Reacting to last week's eurofudge which saw twelve European Union member states agreeing to go ahead with comprehensive information exchange on bank accounts and other savings instruments held by each other's citizens, prominent US free-market organisations criticised the deal, and in particular queried Brussels' assertion that the US had already implemented 'equivalent measures' - one of the preconditions for a deal set under the Savings Tax Directive at the Feira summit which established the terms of the deal two years ago.

Andrew F. Quinlan, President of the Center for Freedom and Prosperity, announced, “The bureaucrats in Brussels have substantially scaled back their proposal, but the new Savings Tax Directive is still bad tax policy. The proposal is an unworkable house of cards, and the Center for Freedom and Prosperity will work with the Coalition for Tax Competition to derail this misguided tax harmonization scheme.”
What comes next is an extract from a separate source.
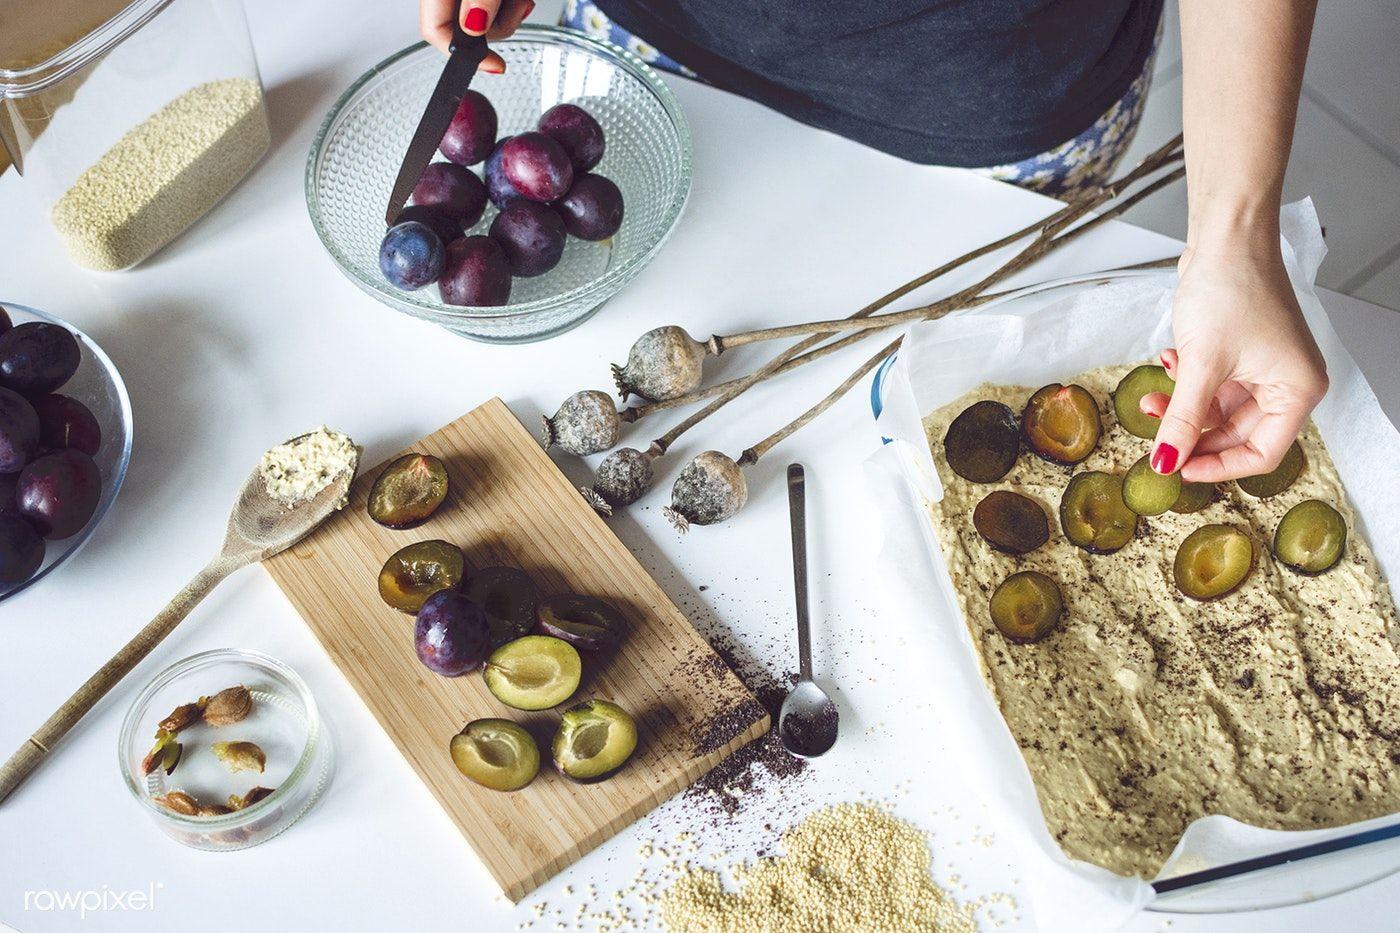 Baking Polish plum cake (Placek ze Sliwkami) free image
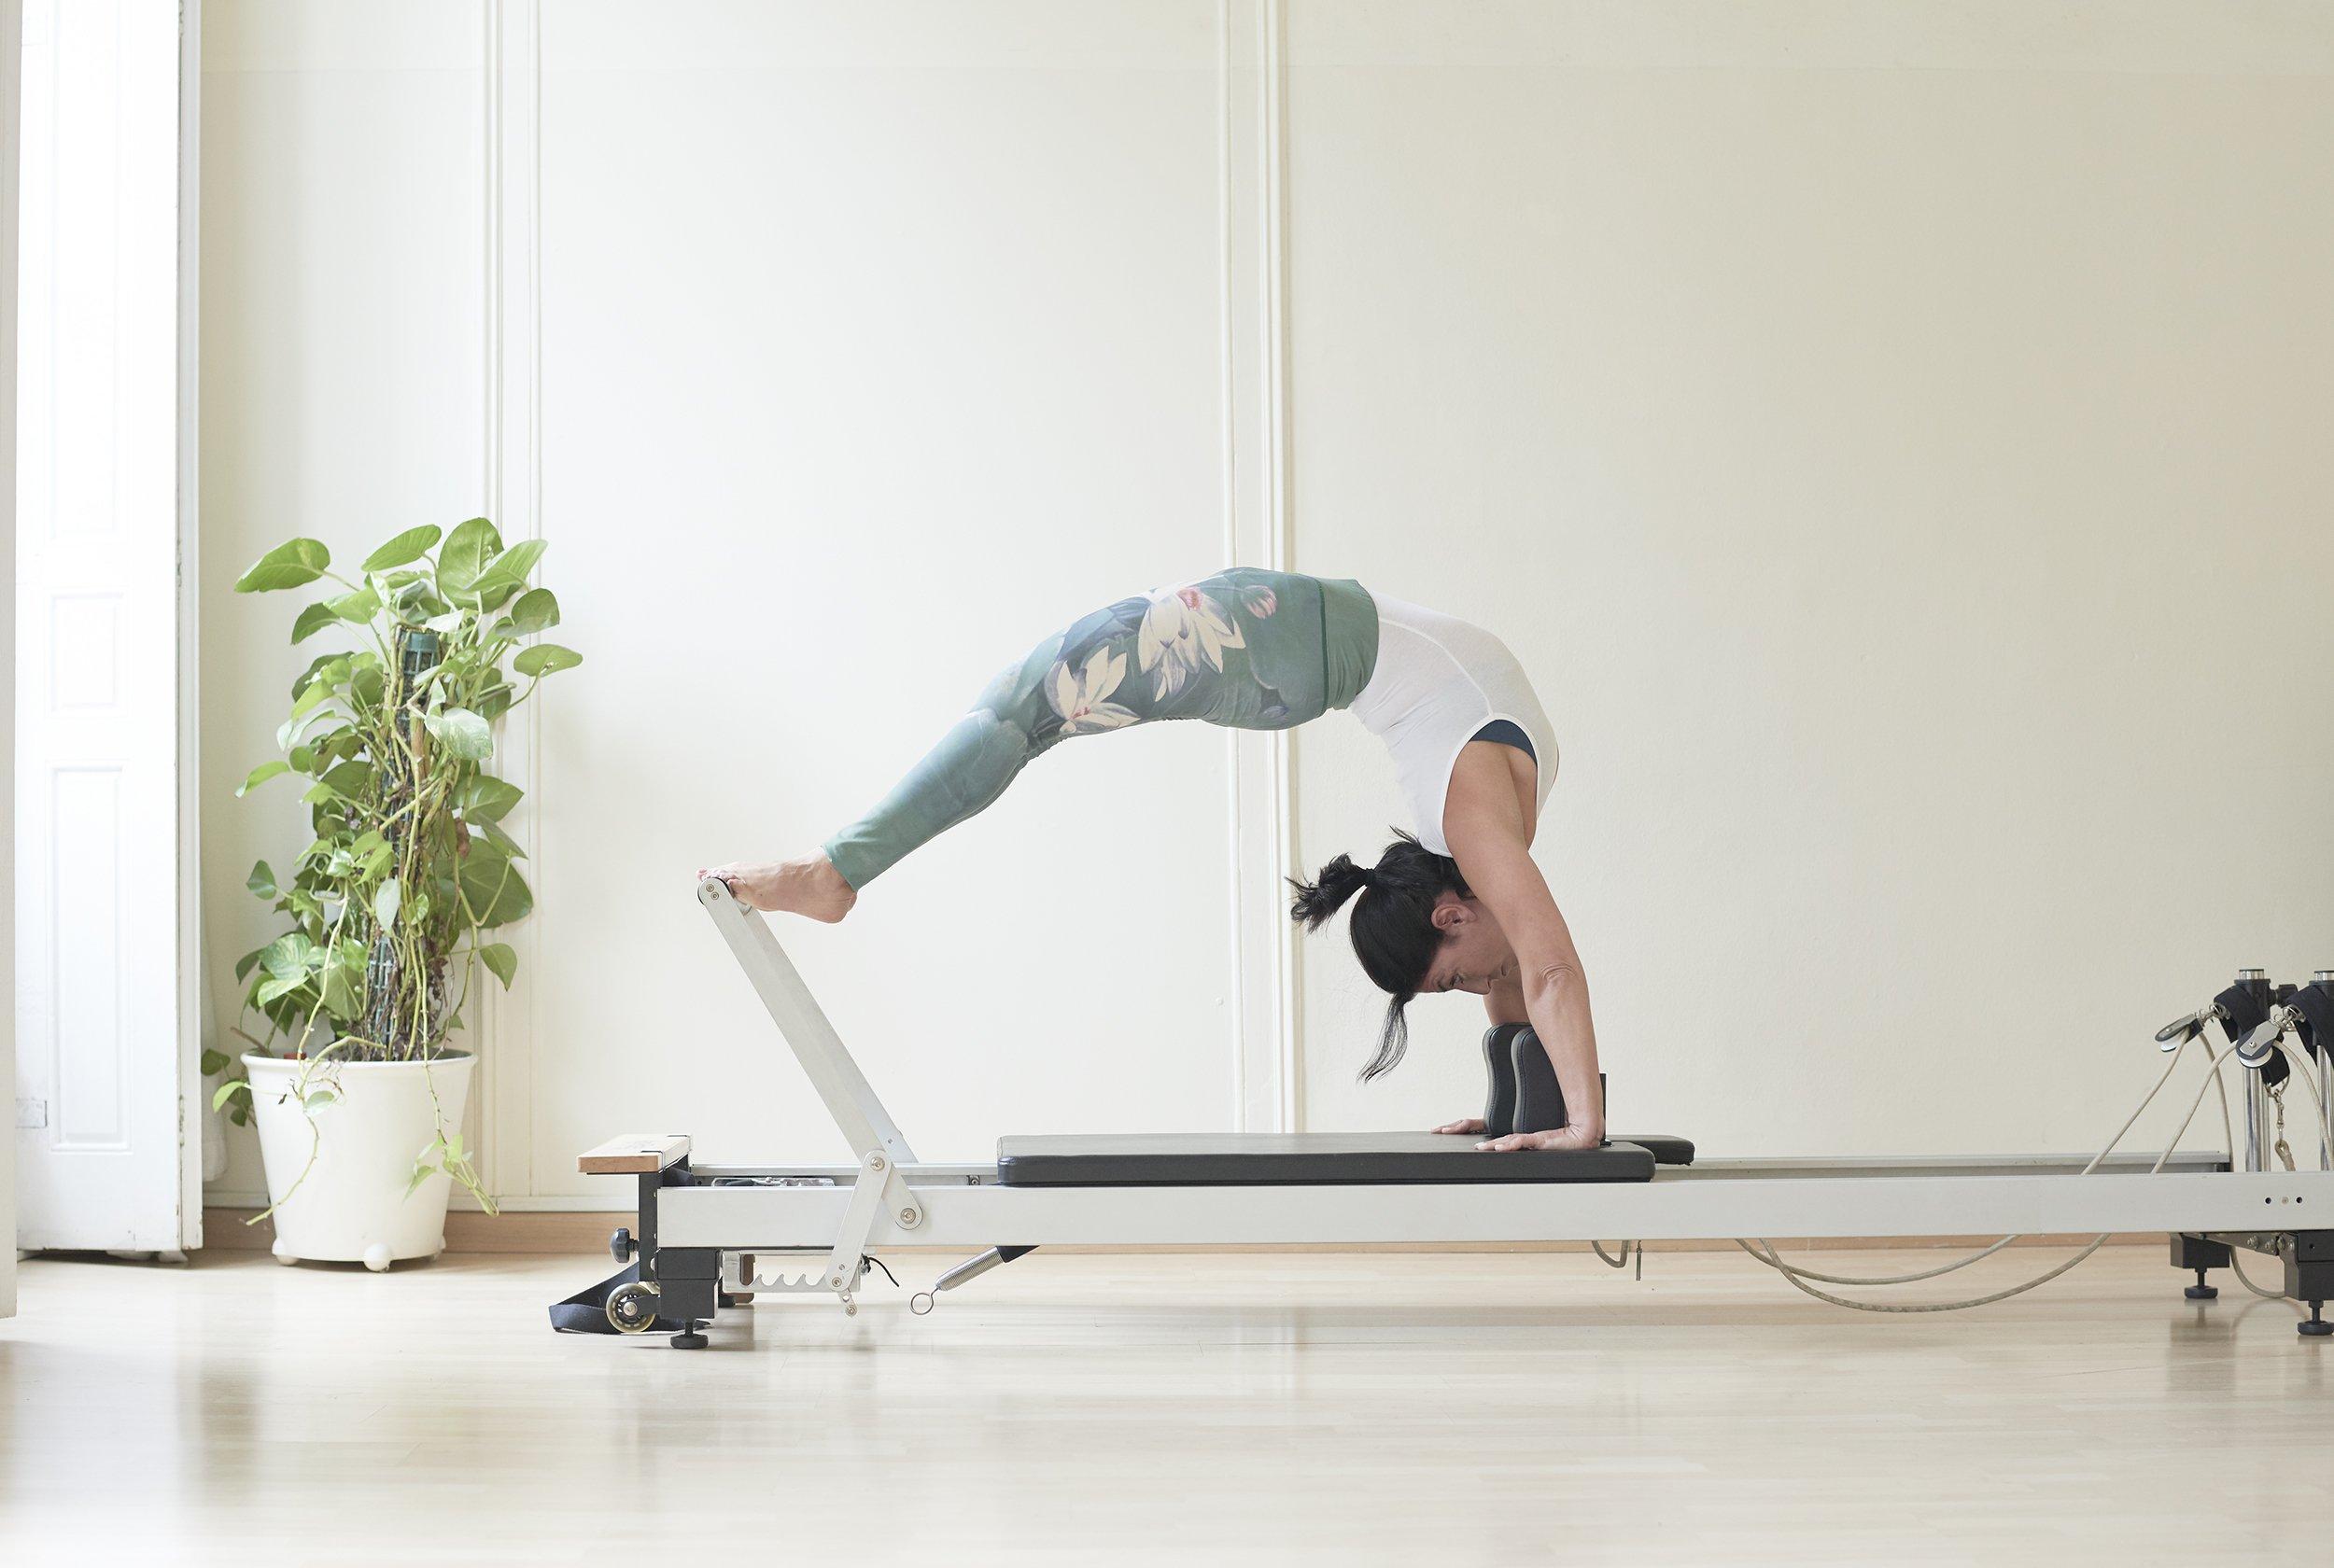 Beneficios del pilates reformer - estudio de Pilates en Barcelona

The European Union originally wanted all 15 of its member nations, as well as six non-EU nations including Switzerland and the United States, to collect private financial data about nonresident investors and automatically share that information with the tax authorities of other nations. The new proposal, by contrast, gives three of the 15 EU member states permission to impose a withholding tax on nonresident savings, in recognition of the fact that their competitor, Switzerland and other nations will refuse to go along with information-sharing.

Daniel Mitchell of the Heritage Foundation denounced the new EU proposal, stating, “We are pleased with the defeat of the original EU scheme, but the new proposal is based on the same flawed principles of taxing economic activity in other nations and double-taxing income that is saved and invested. All low-tax, capital-inflow jurisdictions should reject this attack against economic liberalization and tax reform.”

Veronique de Rugy of the Cato Institute condemned the new Directive, but also found reason to celebrate, explaining that, “The EU’s new scheme clearly fails to satisfy the ‘level-playing-field’ clauses in the commitment letters sent to the OECD. This means that low-tax jurisdictions around the world can reclaim their fiscal sovereignty and tell the tax-free bureaucrats in Paris to go jump in a lake.”

Many free-market leaders were surprised by the EU’s wilful misrepresentation of the US position. According to Grover Norquist of Americans for Tax Reform, “The EU admitted last month that US information-sharing policies are not compatible with the Savings Tax Directive. And since America does not impose a withholding tax on most forms of nonresident savings and certainly doesn’t share any revenue with other nations, it also is clear that US policy is incompatible with the revised Directive. So why are the bureaucrats in Brussels misrepresenting the US position? Do they really think people in Switzerland, Luxembourg, and other nations are too stupid to understand that the Directive is going to drive capital to non-participating jurisdictions like America, Panama, and Hong Kong?”